>>
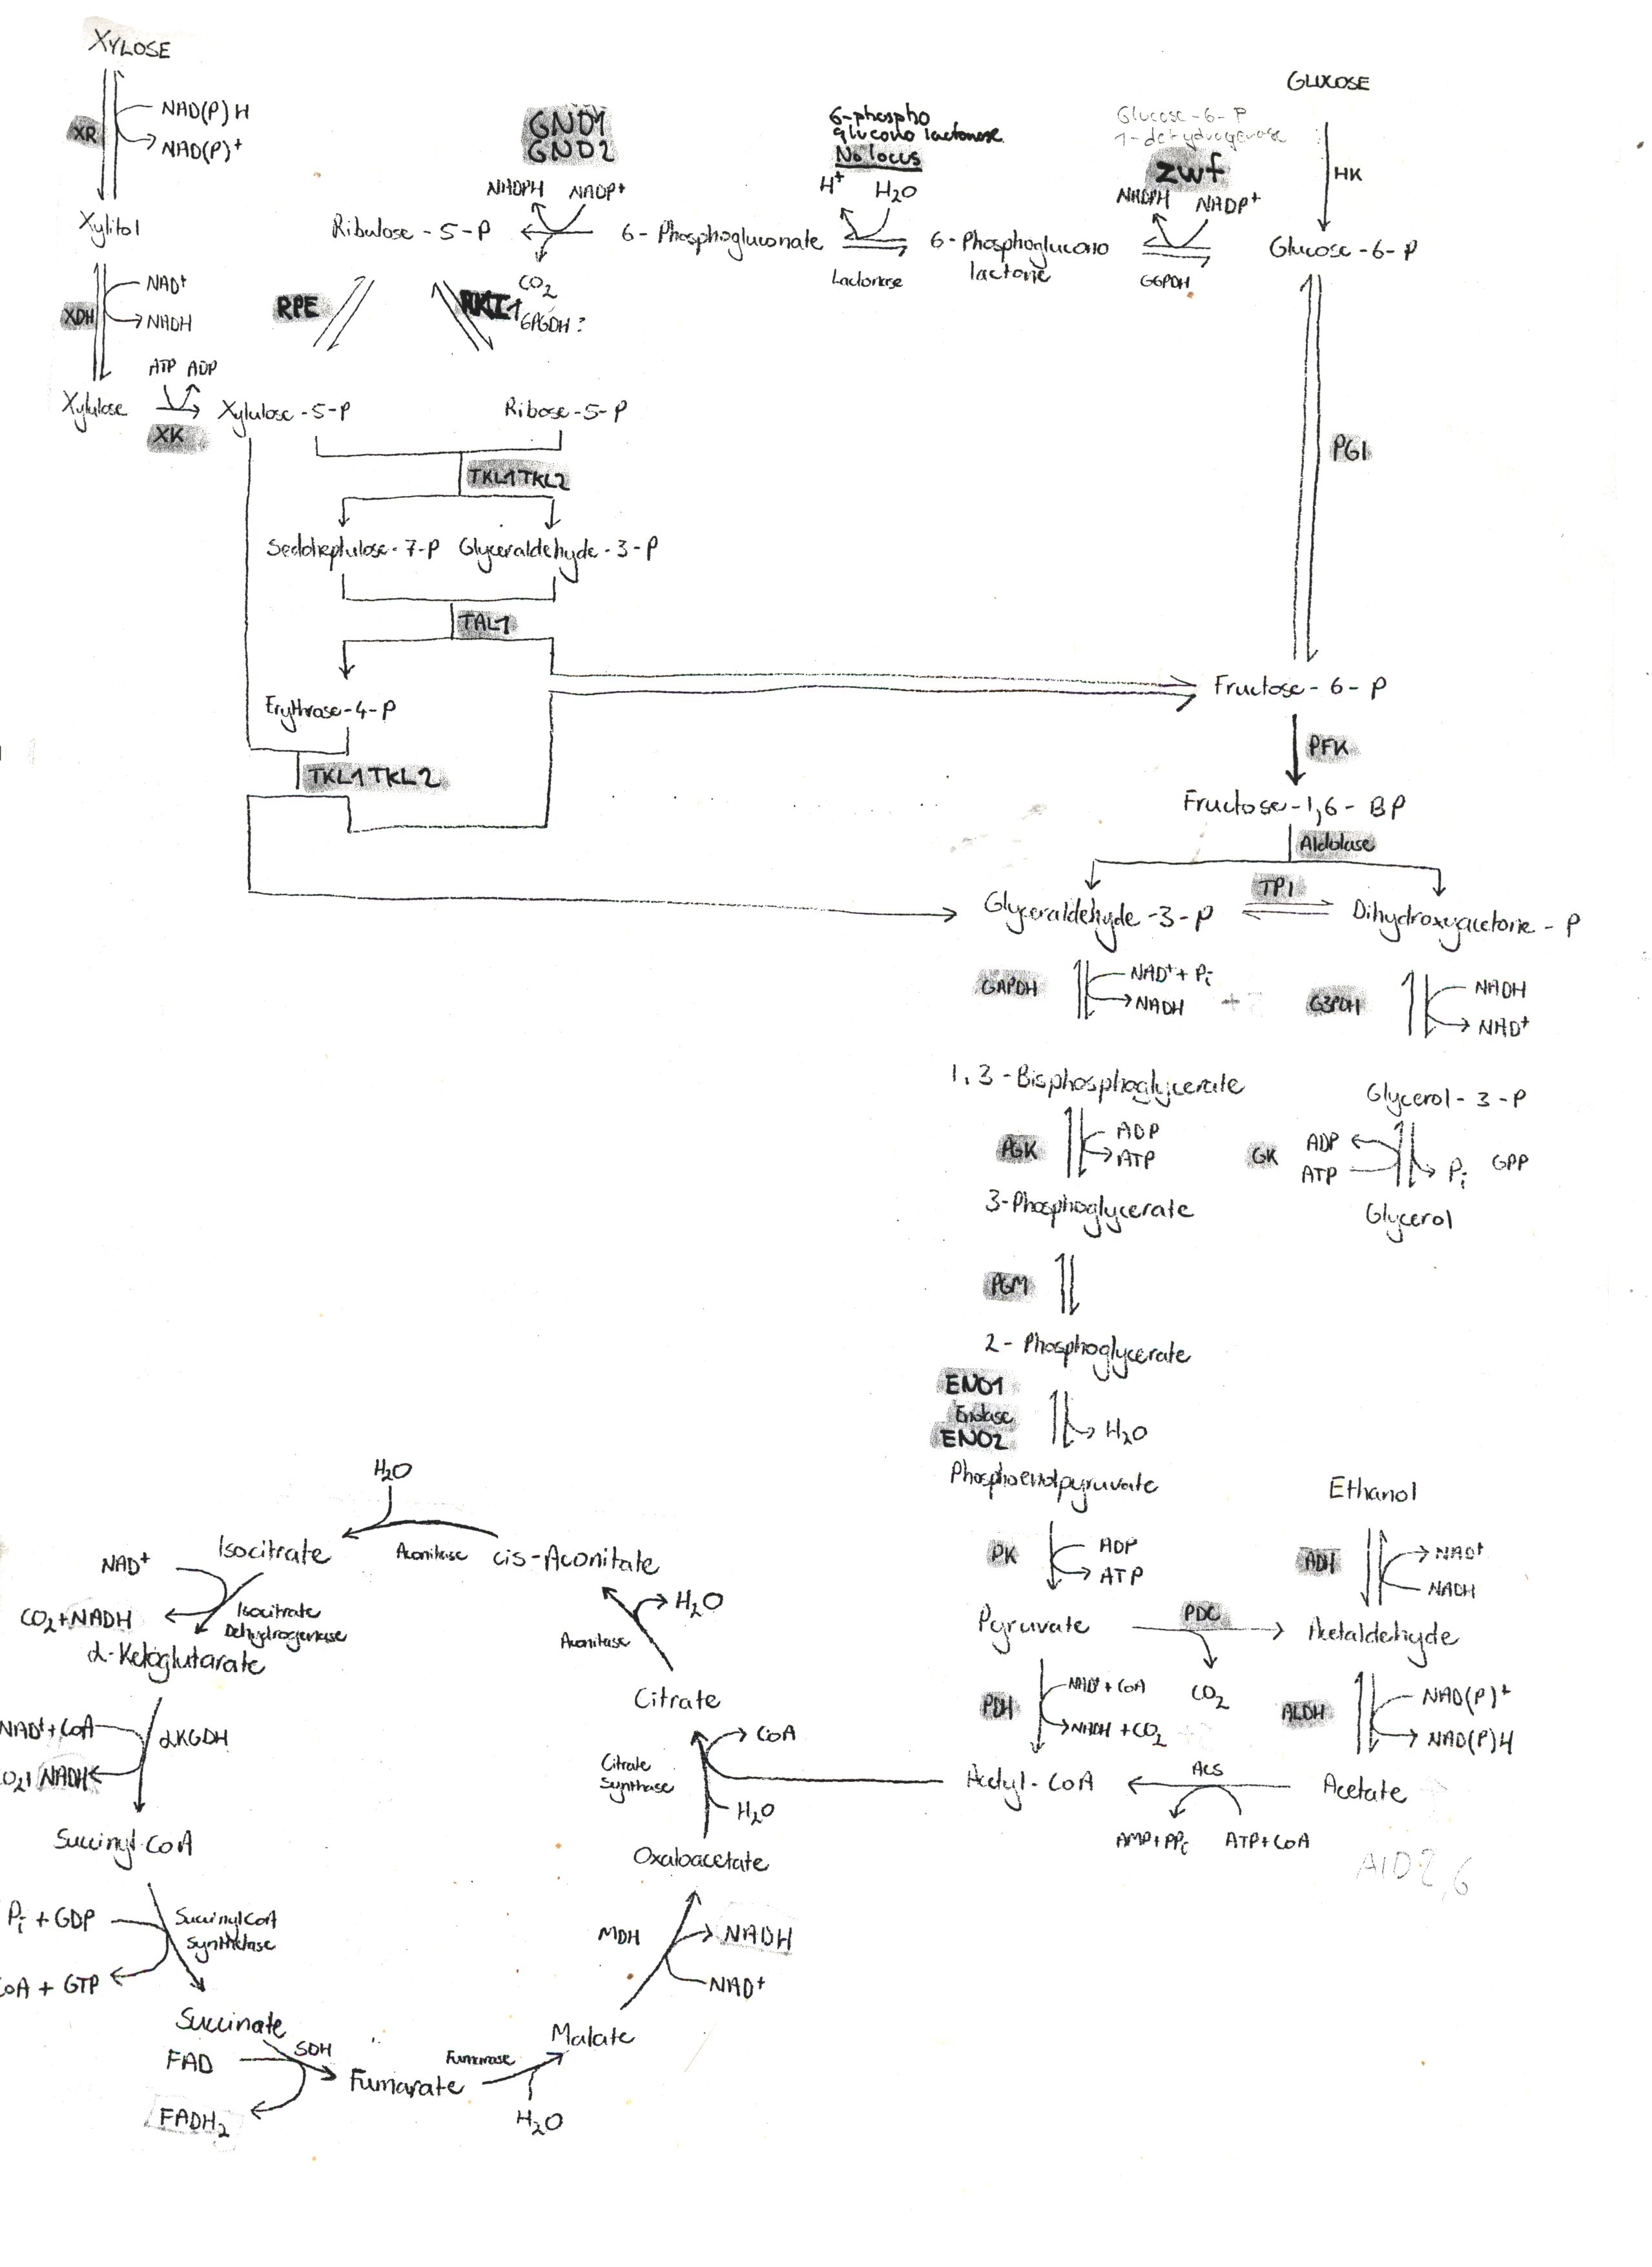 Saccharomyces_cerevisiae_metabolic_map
<<
>>
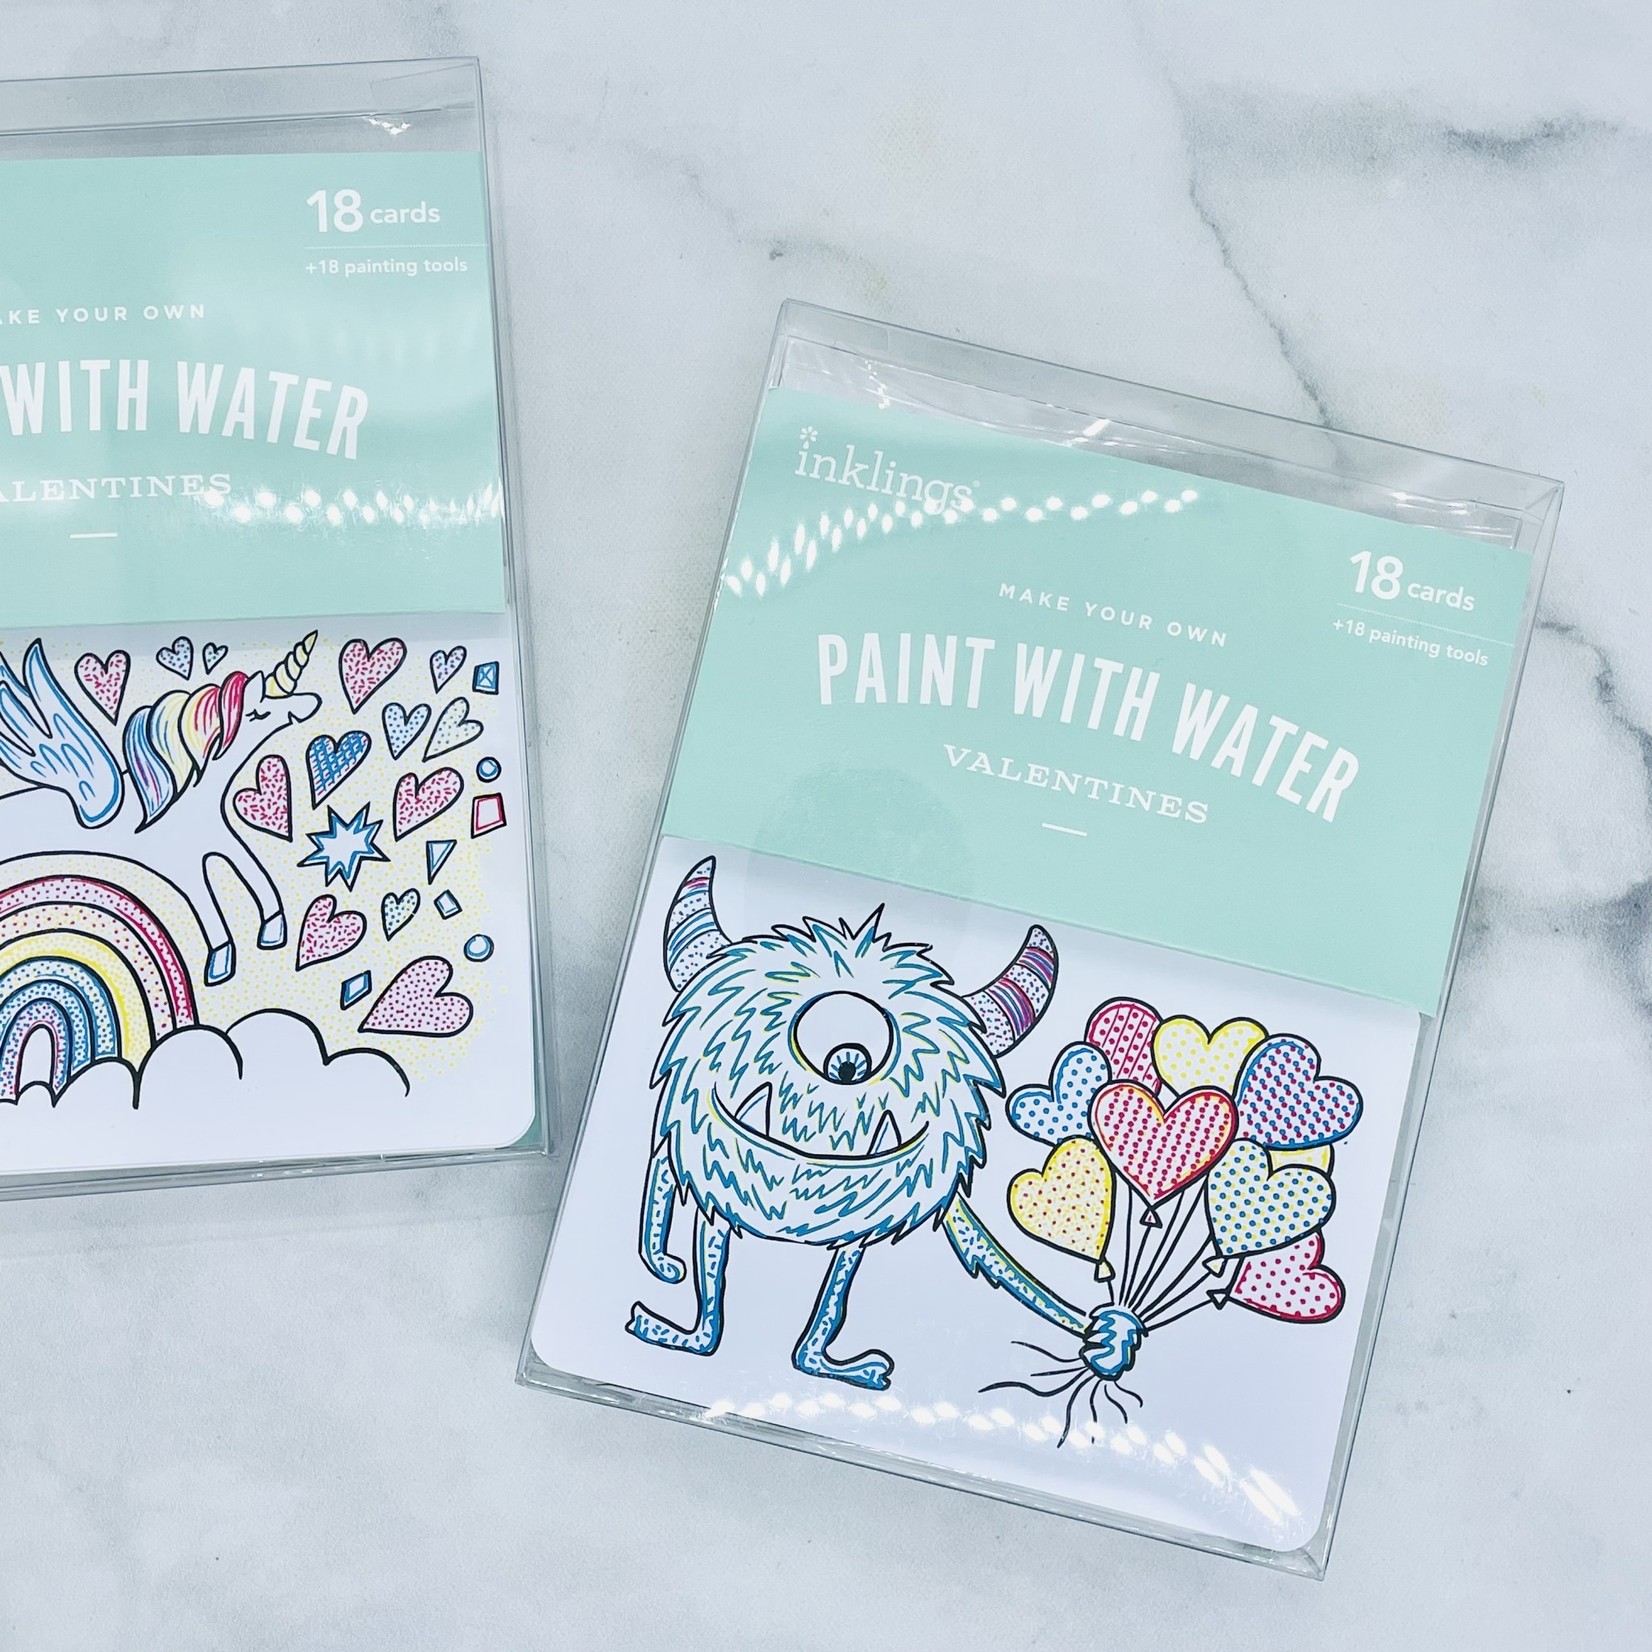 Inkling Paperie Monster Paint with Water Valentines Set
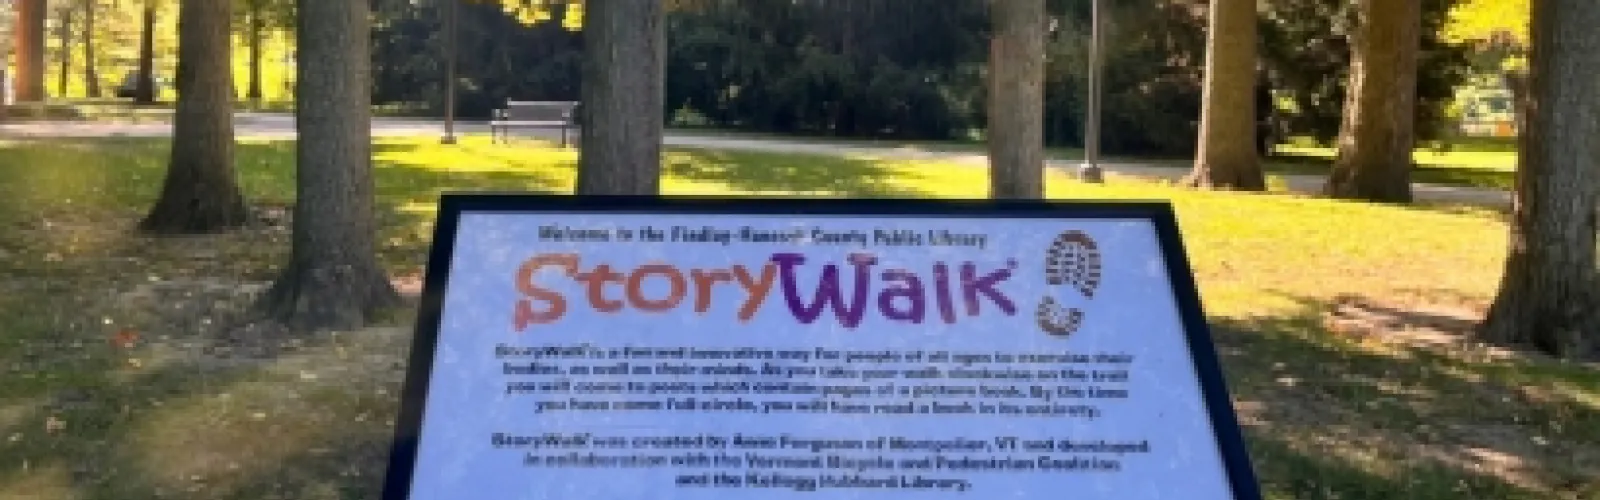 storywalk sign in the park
<<
Quote the data above exactly from the line with "Inkling Paperie Monster" to the line with "storywalk sign in the park", both ends counted, and nothing else. Pictures don't go in.

| OUTPUT FOR THIS TASK |
 Inkling Paperie Monster Paint with Water Valentines Set
 storywalk sign in the park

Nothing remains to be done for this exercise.